'''

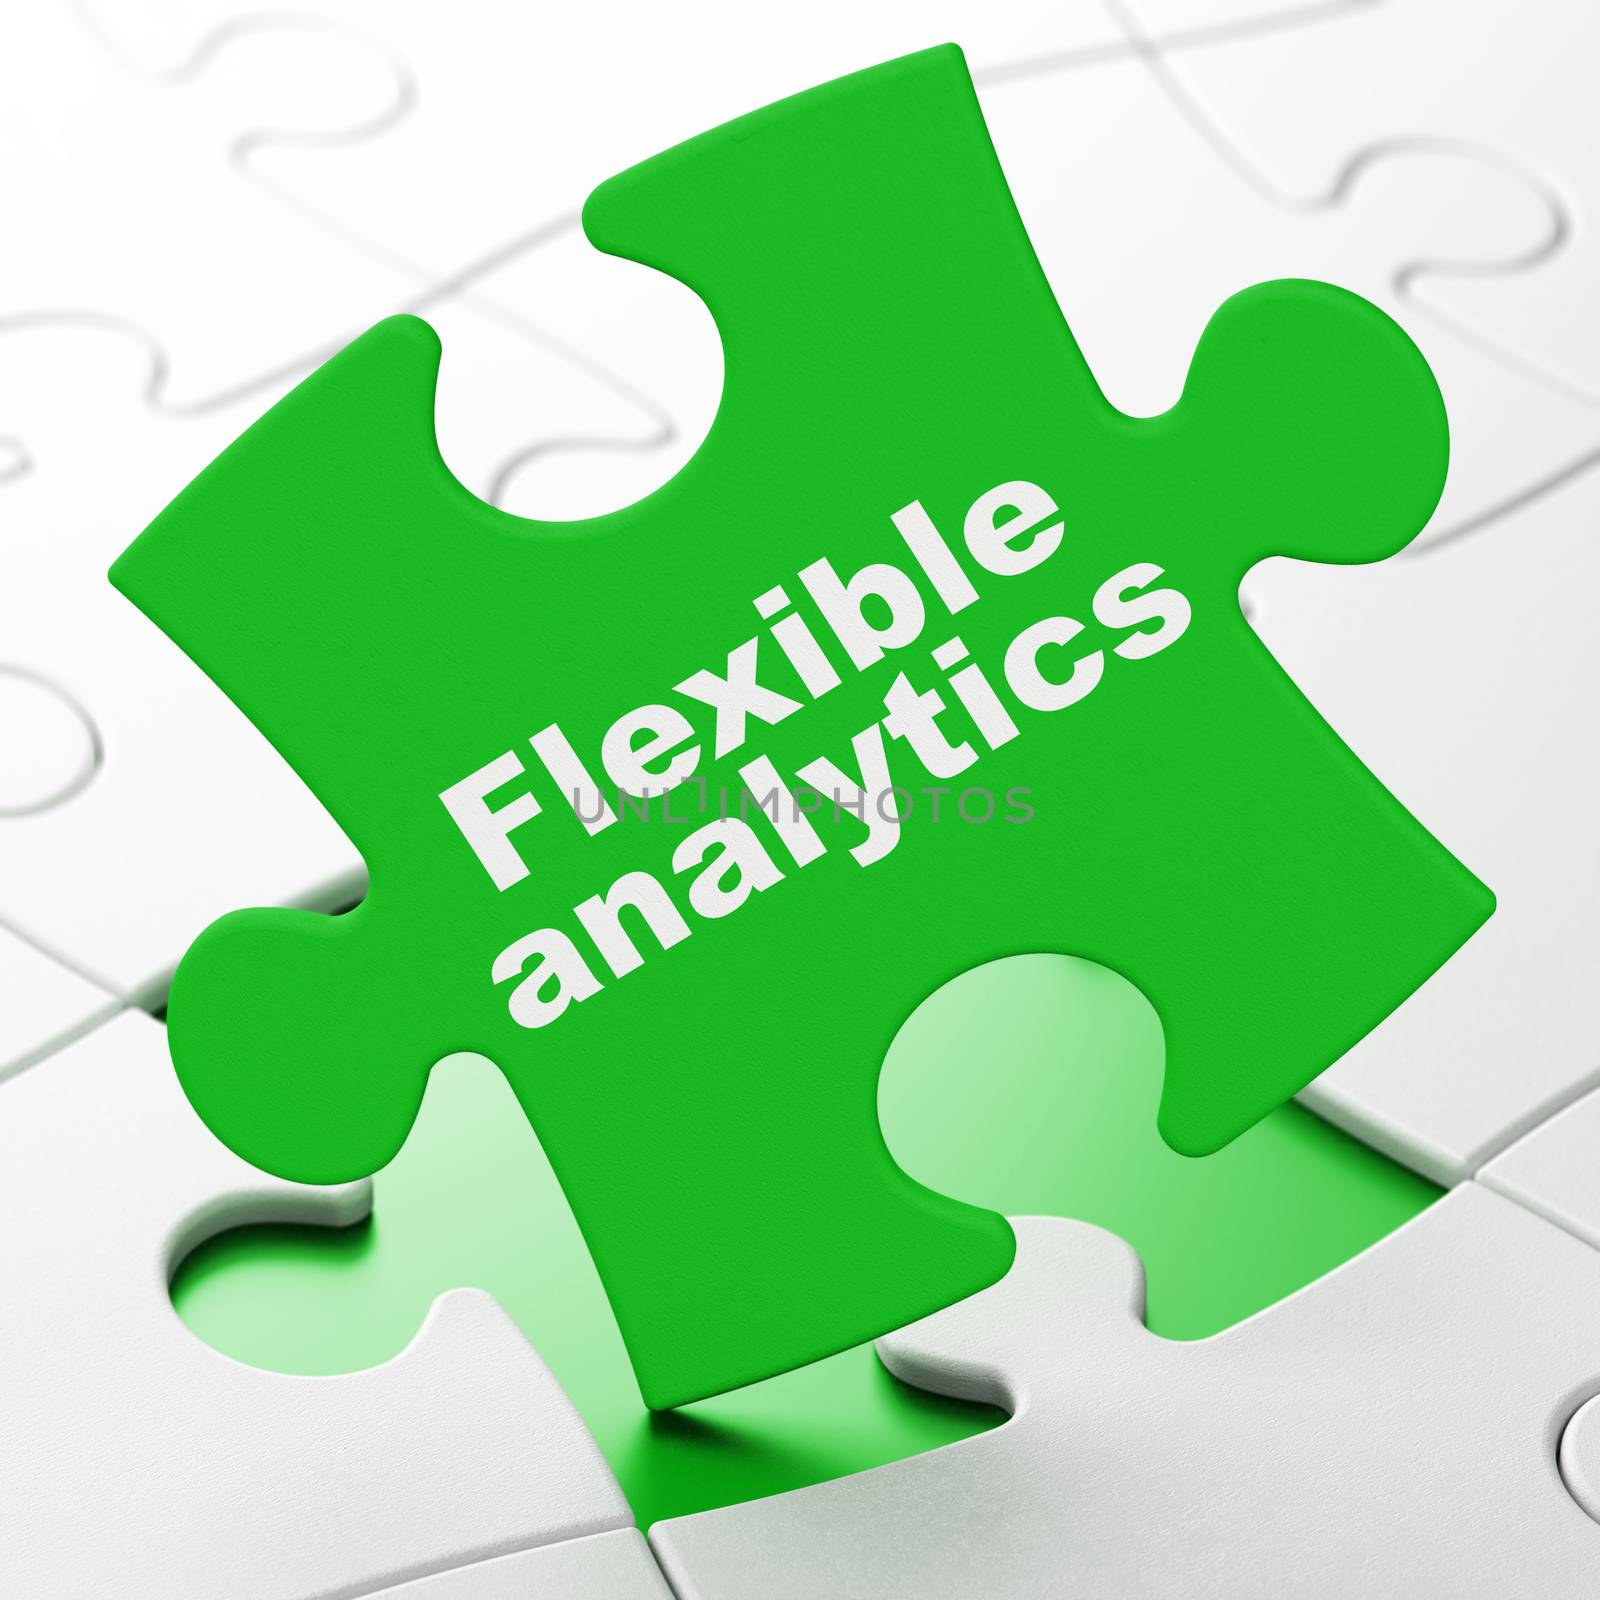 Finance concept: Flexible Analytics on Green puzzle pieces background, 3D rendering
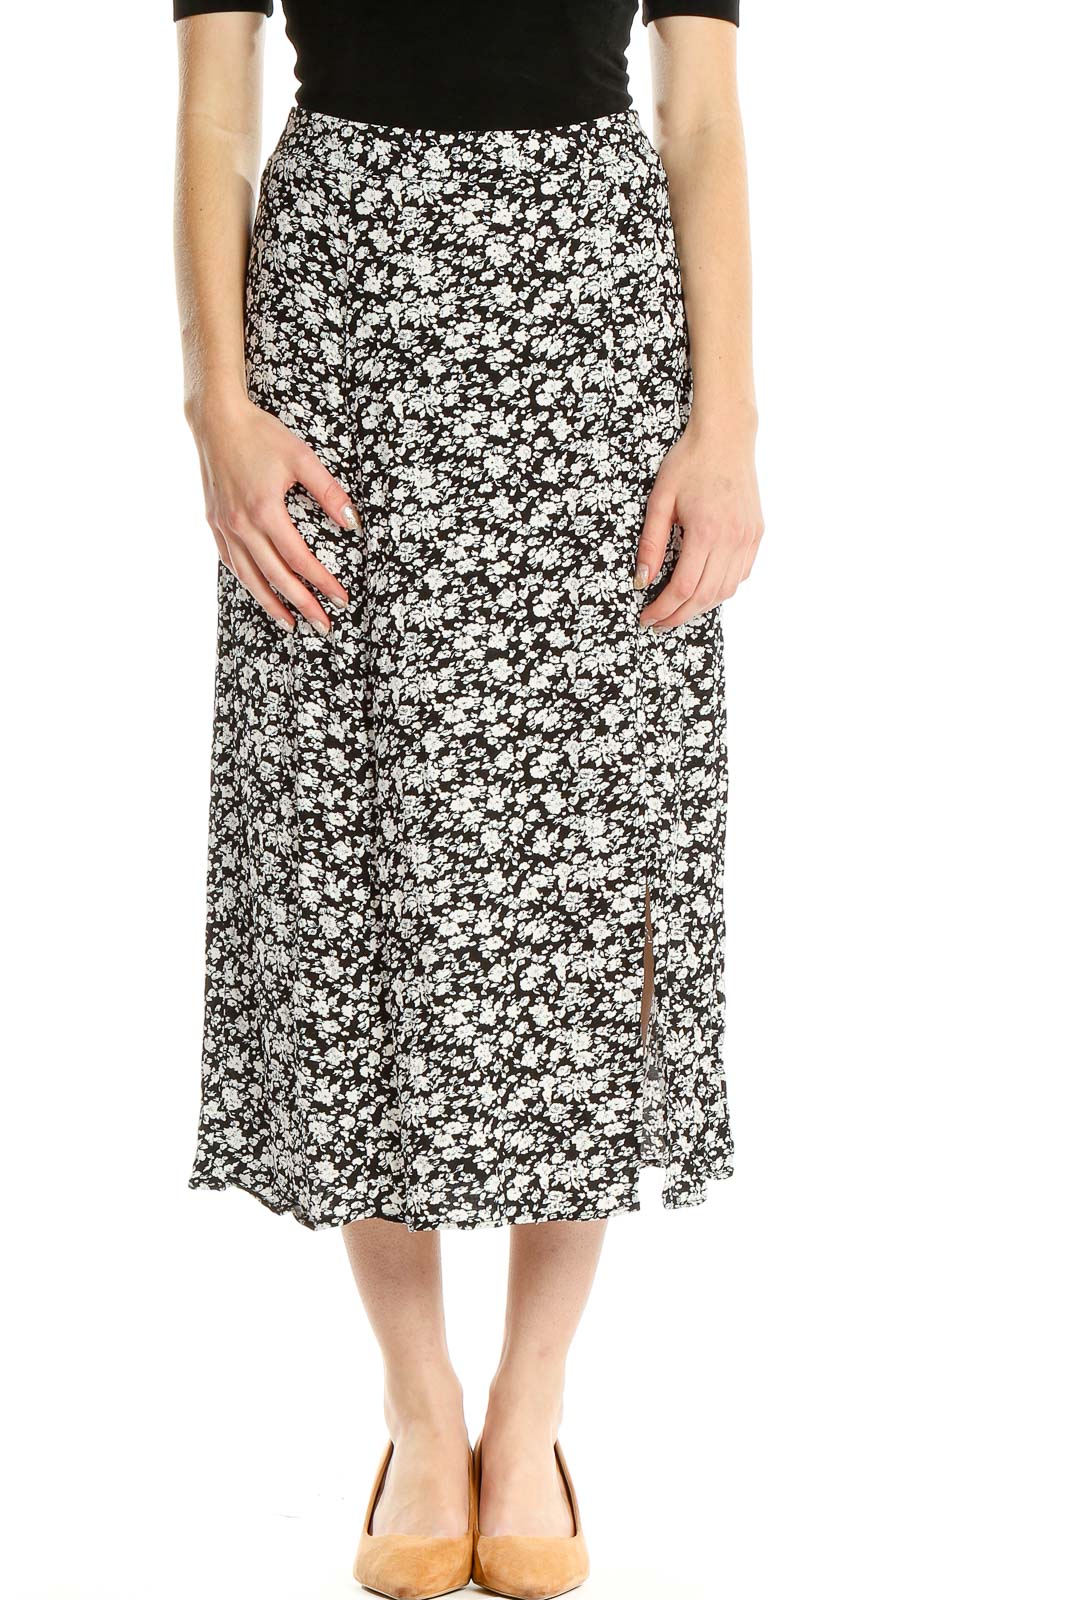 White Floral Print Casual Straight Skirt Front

'''
'''

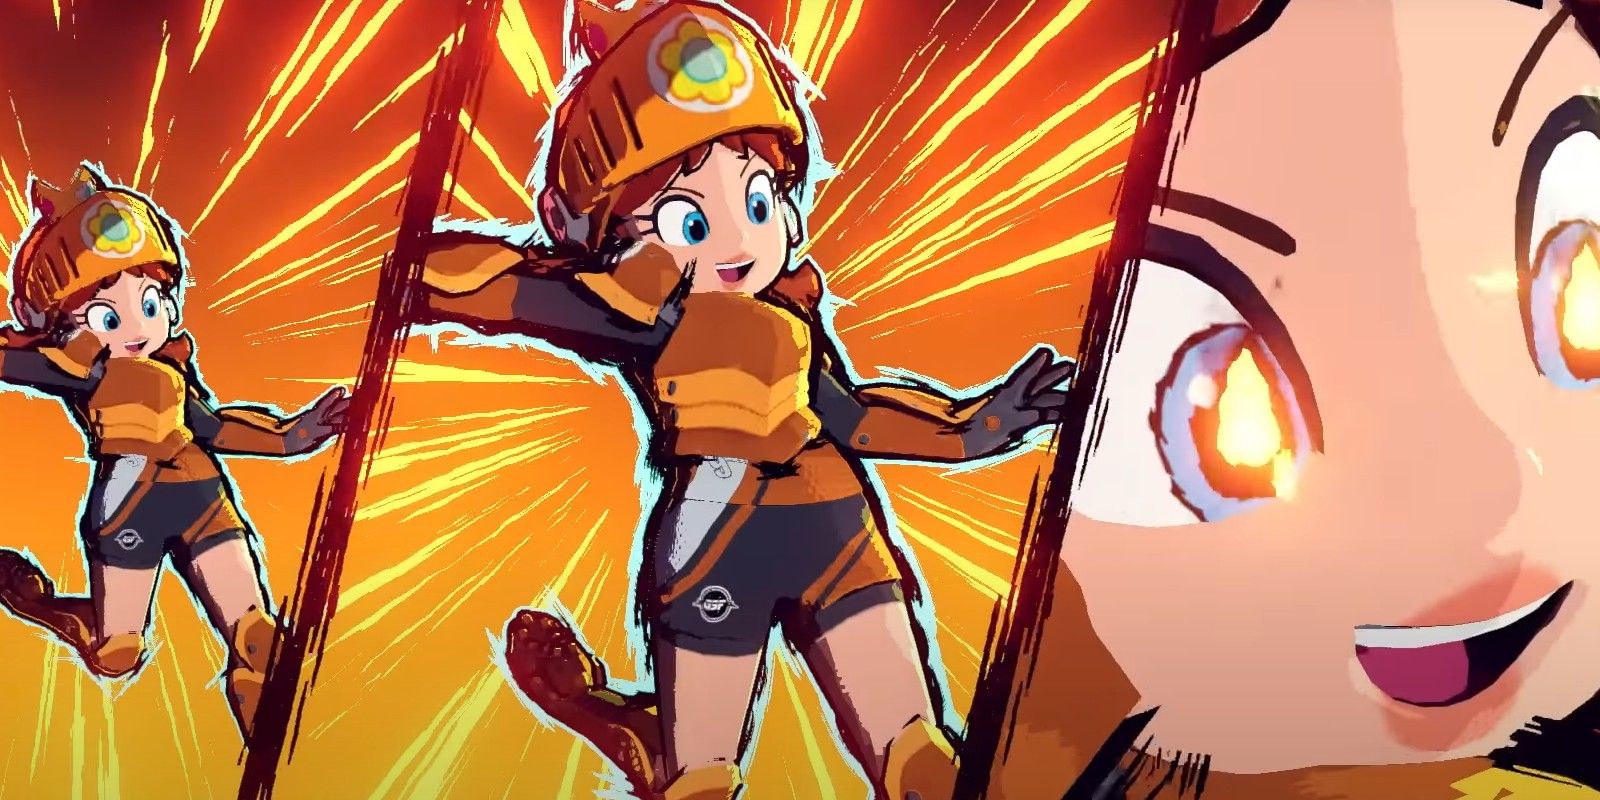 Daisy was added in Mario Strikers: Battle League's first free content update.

'''

Repeat the lines above exactly, beginning with the one containing "Finance concept: Flexible" and finishing with the one containing "White Floral Print". No pictures belong in the copy.

 Finance concept: Flexible Analytics on Green puzzle pieces background, 3D rendering
 White Floral Print Casual Straight Skirt Front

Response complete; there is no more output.